Камера смотрит в мир
Джослин Бейн Хогг сфотографировал британский криминалитет
беседовал Сергей Полотовский
Лица здесь выразительней подписей. Социальный статус и темперамент понятны и без табличек. С кембриджской профессурой не спутаешь. "Фирма" — фотографии суровых мужчин, занятых в криминальной сфере Великобритании. Попросту говоря, выставка про английских бандитов. Про мафию.

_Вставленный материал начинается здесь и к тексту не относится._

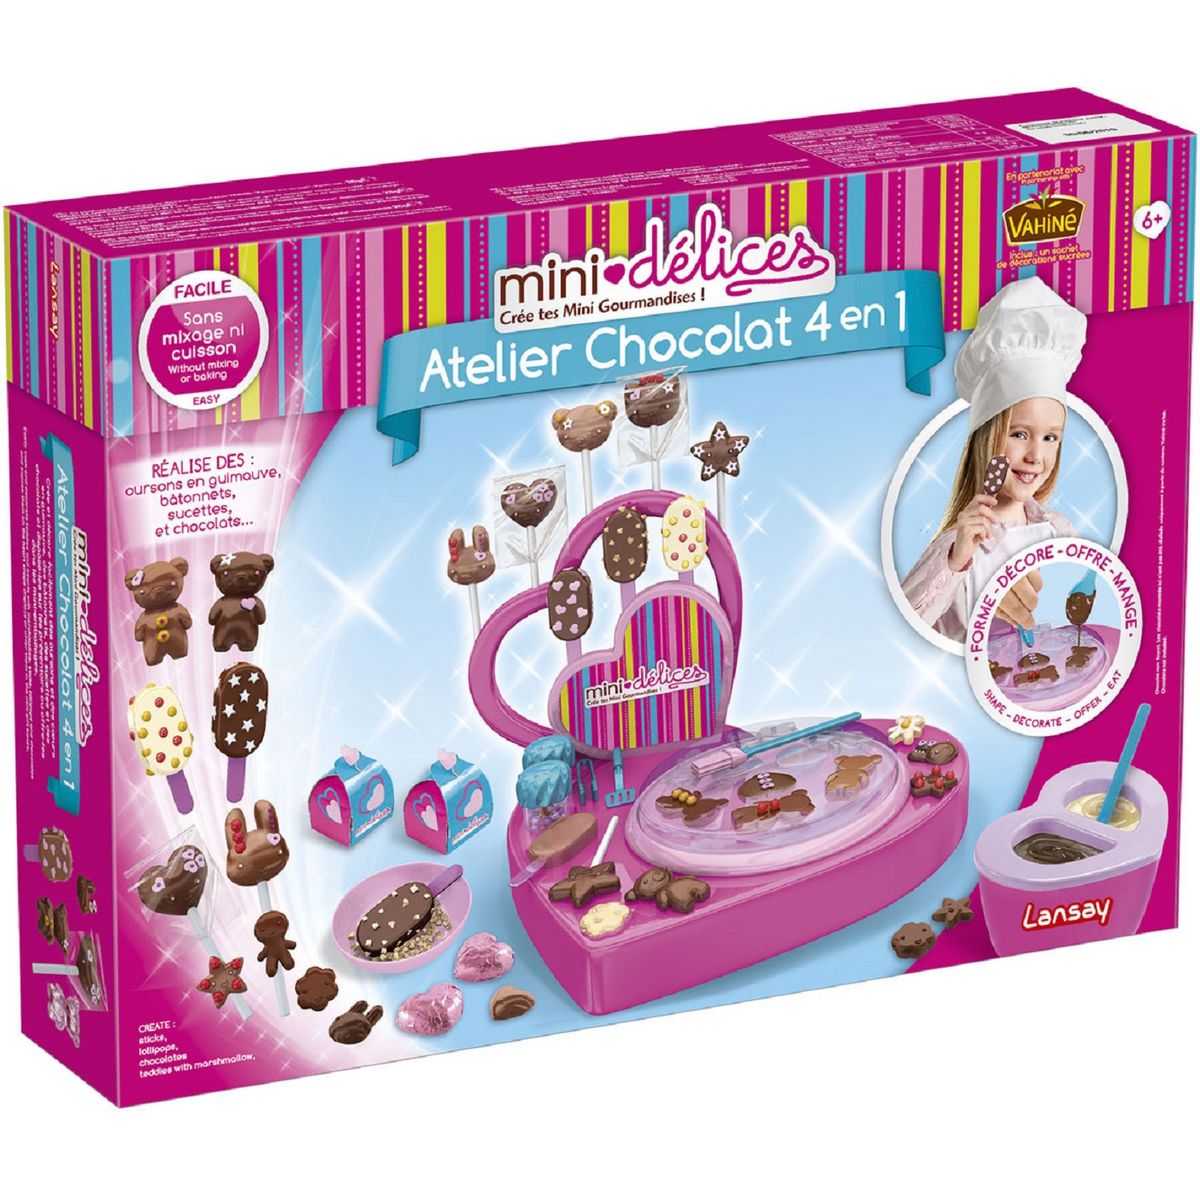 LANSAY Mini délices super atelier chocolat 4 en 1 pas cher 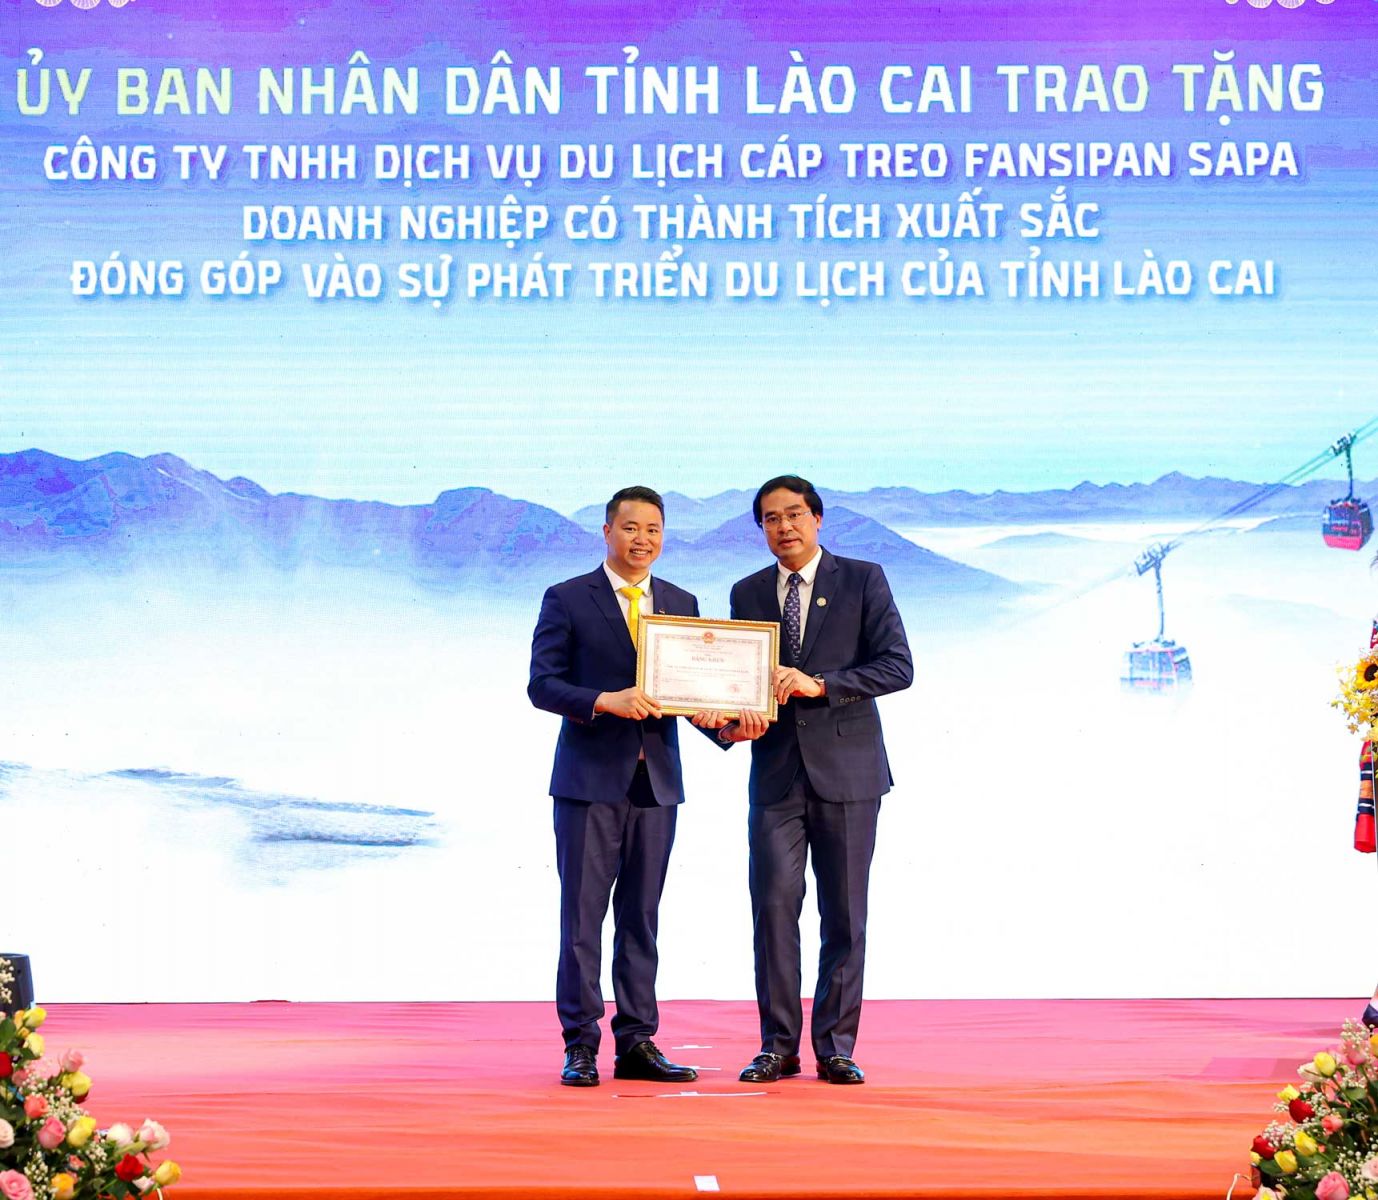 Ông Trịnh Xuân Trường - Chủ tịch UBND tỉnh Lào Cai (phải) trao bằng khen cho ông Nguyễn Xuân Chiến, giám đốc KDL Sun World Fansipan Legend, ghi nhận những đóng góp của doanh nghiệp với sự phát triển của du lịch tỉnh Lào Cai

Вот осклабился здоровенный детина с пудовыми кулаками. Вот двое энергичных мужчин чуть ли не в пароксизме гомоэротичного поцелуя, а на самом деле всего-то громко переговариваются в шуме ночного клуба. Вот иссушенный богатейшим жизненным опытом седой мозговой центр криминалитета.
Контрастные черно-белые фото. Практически везде крупные планы.
Фотографы всегда тянулись к людям труда, в которых выпукло и родовое, и видовое. К пожарным, мясникам, рыбакам. Или сверхчеловекам — спортсменам. Или богатым и знаменитым — прожигателям шикарных судеб. У Хогга получается, что бандиты — идеальный материал. У них есть это все. Плюс относительная для фото новизна сюжета. Сниматься гангстеры любят несколько меньше, чем поп-звезды.
— Сложно было договориться?
— Нет, довольно легко,— отвечает Хогг по мобильному, параллельно делая заказ официанту на Ибице,— помогла одна журнальная работка. Я снимал про моду, а там, на показах, все время ошивалось несколько характерных парней. Мы познакомились. Со временем я заслужил их доверие.
Доверие — страшно важное понятие для хогговских объектов, и непонятно, чем его так быстро получилось заслужить.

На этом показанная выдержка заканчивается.